The off-brand examples file turned out to be the highest-value addition. Learning from mistakes — seeing what goes wrong and why — made the GPT dramatically more consistent on the specific violation patterns Alex's team most commonly produced.
Testing
Alex tested the GPT against 40 real content samples: - 15 samples her team had produced that she rated as on-brand - 15 samples that had required revision in real editorial review - 10 samples from competitors (as a check against over-flagging)
Results from initial testing: - 13 of 15 on-brand samples: correctly identified as strong or acceptable - 11 of 15 off-brand samples: correctly identified as needing revision - 7 of 10 competitor samples: correctly identified as not matching the company's voice (expected, since it should only apply company voice standards)
Two failures from the off-brand sample set pointed to the same gap: the GPT was too permissive about hedging language in technical contexts. Alex added a section to the vocabulary guide specifically addressing technical hedging ("it may be possible to," "in some cases," "depending on your situation") and how it differs from appropriate epistemic caution. On retest, the miss rate on that pattern dropped from 40% to 0%.
Deployment
Alex deployed the GPT to the team via a shared link. Her deployment package included:
A one-page user guide covering: - When to use it (before submitting any content for editorial review) - What to paste in (the full draft, or specific sections you are unsure about) - How to interpret the output (what "needs revision" means, what a "strong" rating means) - What it does not review (factual accuracy, SEO, strategy) - How to give feedback to Alex if it gets something wrong
A five-minute team walkthrough — not training, just a live demo using a real piece of content so everyone could see what the output looked like.
A feedback channel — a shared Slack thread where anyone can post examples of GPT assessments they thought were wrong, with a note on why.
Results After Six Months
Alex tracked three metrics:
Brand voice compliance in content audits: The company ran quarterly brand audits where an external reviewer rated 20 pieces of content per quarter on brand voice compliance.
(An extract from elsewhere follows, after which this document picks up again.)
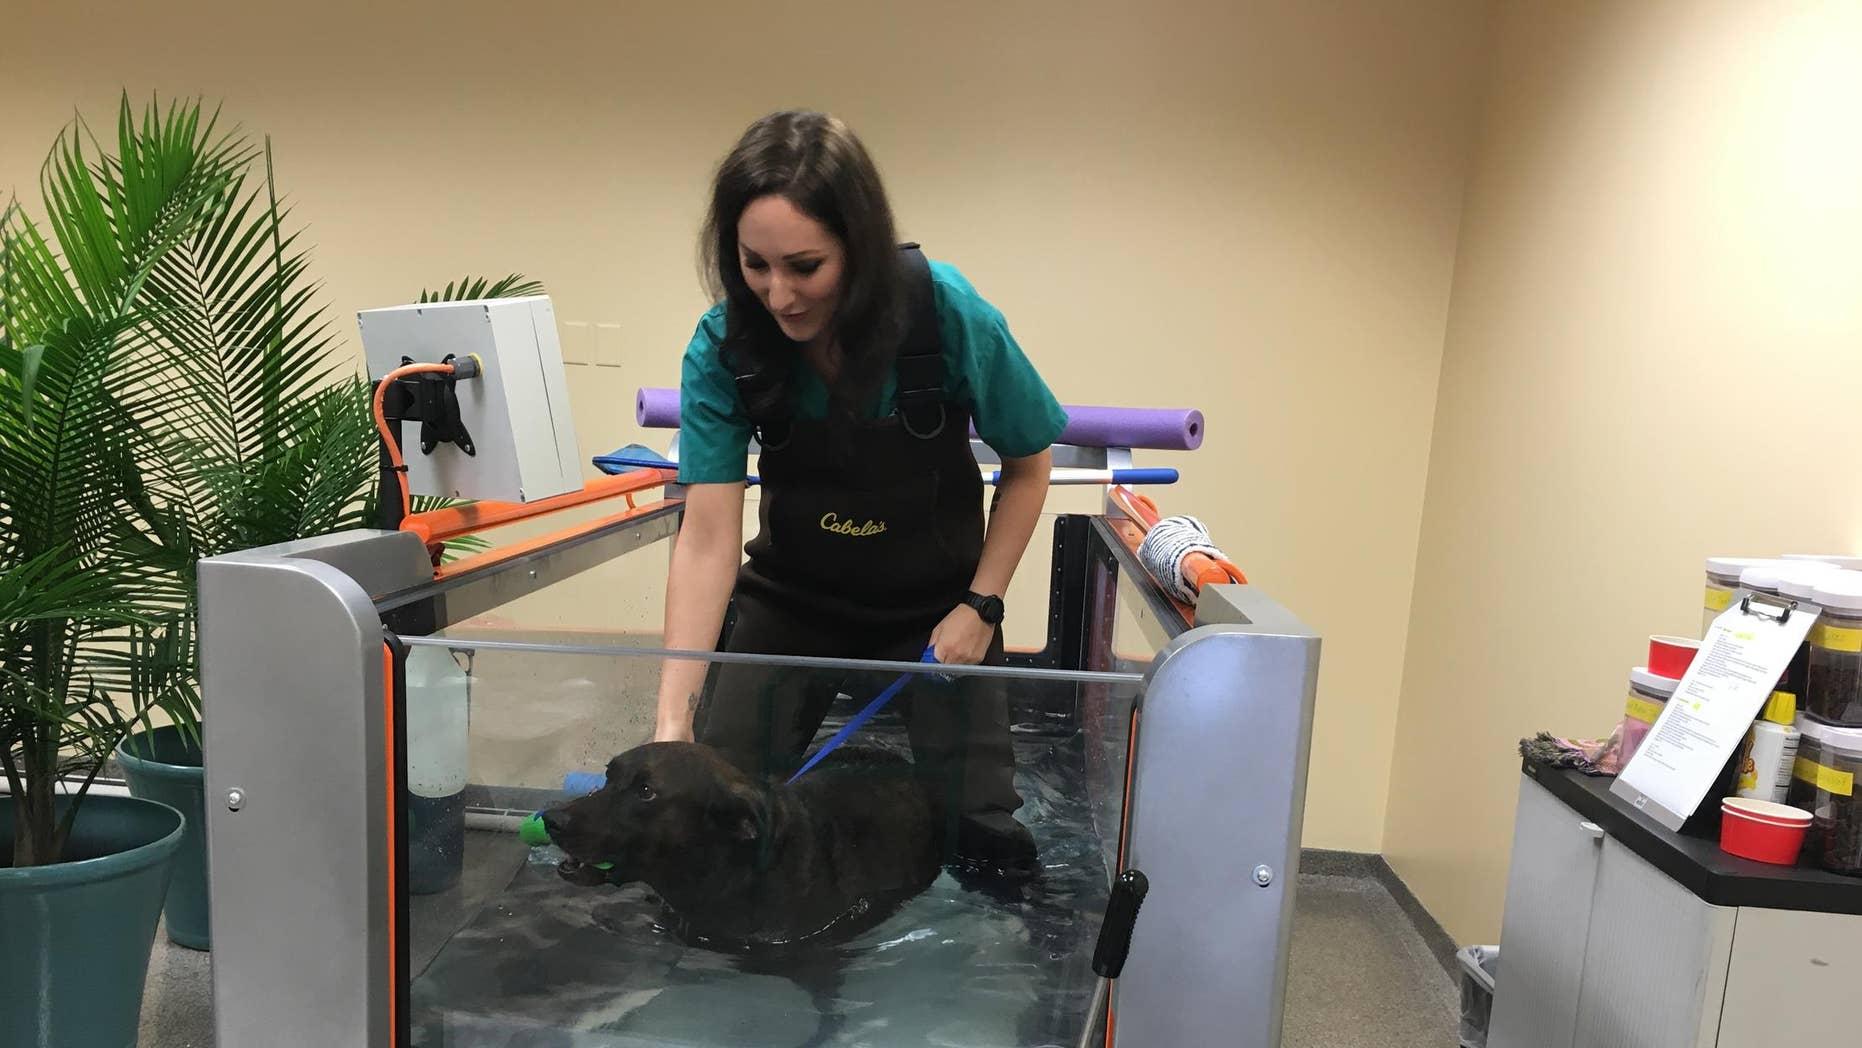 Rehab technician Erica Seils helps Max, who suffers from arthritis, walk on an underwater treadmill. Photography by Cindy Kuzma.

Pre-GPT average: 71%. Post-GPT average after two quarters: 88%.
Time spent on brand voice corrections: Alex tracked this manually for two months pre- and post-deployment. Pre: approximately 90 minutes per week across all team members' content. Post: approximately 25 minutes per week. The freelance writer's revision rate dropped most dramatically — from requiring a full revision pass on nearly every submission to requiring minor revisions on about 30%.
Team feedback: Qualitatively, the most common comment from writers was that the GPT helped them understand why their instincts were wrong, not just that they were wrong. The annotated vocabulary guide and the explanation of each revision in the output created a learning loop that ad hoc feedback ("this doesn't sound right, try again") did not.
What Alex Would Do Differently
Three specific things:
Start with the off-brand examples file. The on-brand examples helped, but the off-brand examples were the most impactful knowledge file. "I would have spent twice as much time on that file and less on documenting general principles."
Build a test suite before the first deployment. Alex built her 40-sample test suite after initial testing revealed issues. Having it before the first test would have caught the hedging-in-technical-contexts problem earlier and saved an additional iteration cycle.
Set clearer expectations about the revision output. Some writers initially treated GPT revision suggestions as final — they copied the revised text directly without reviewing it. Alex updated the user guide to specify: "The GPT's revisions are starting points, not final copy. You should still apply your own judgment." She now includes a line in the GPT's output format instructions: "Revised text is a suggestion. Review it with your own judgment before using."
That last lesson is about human-in-the-loop design, not GPT configuration. The tool worked exactly as designed; the designers forgot to account for how humans would actually use it.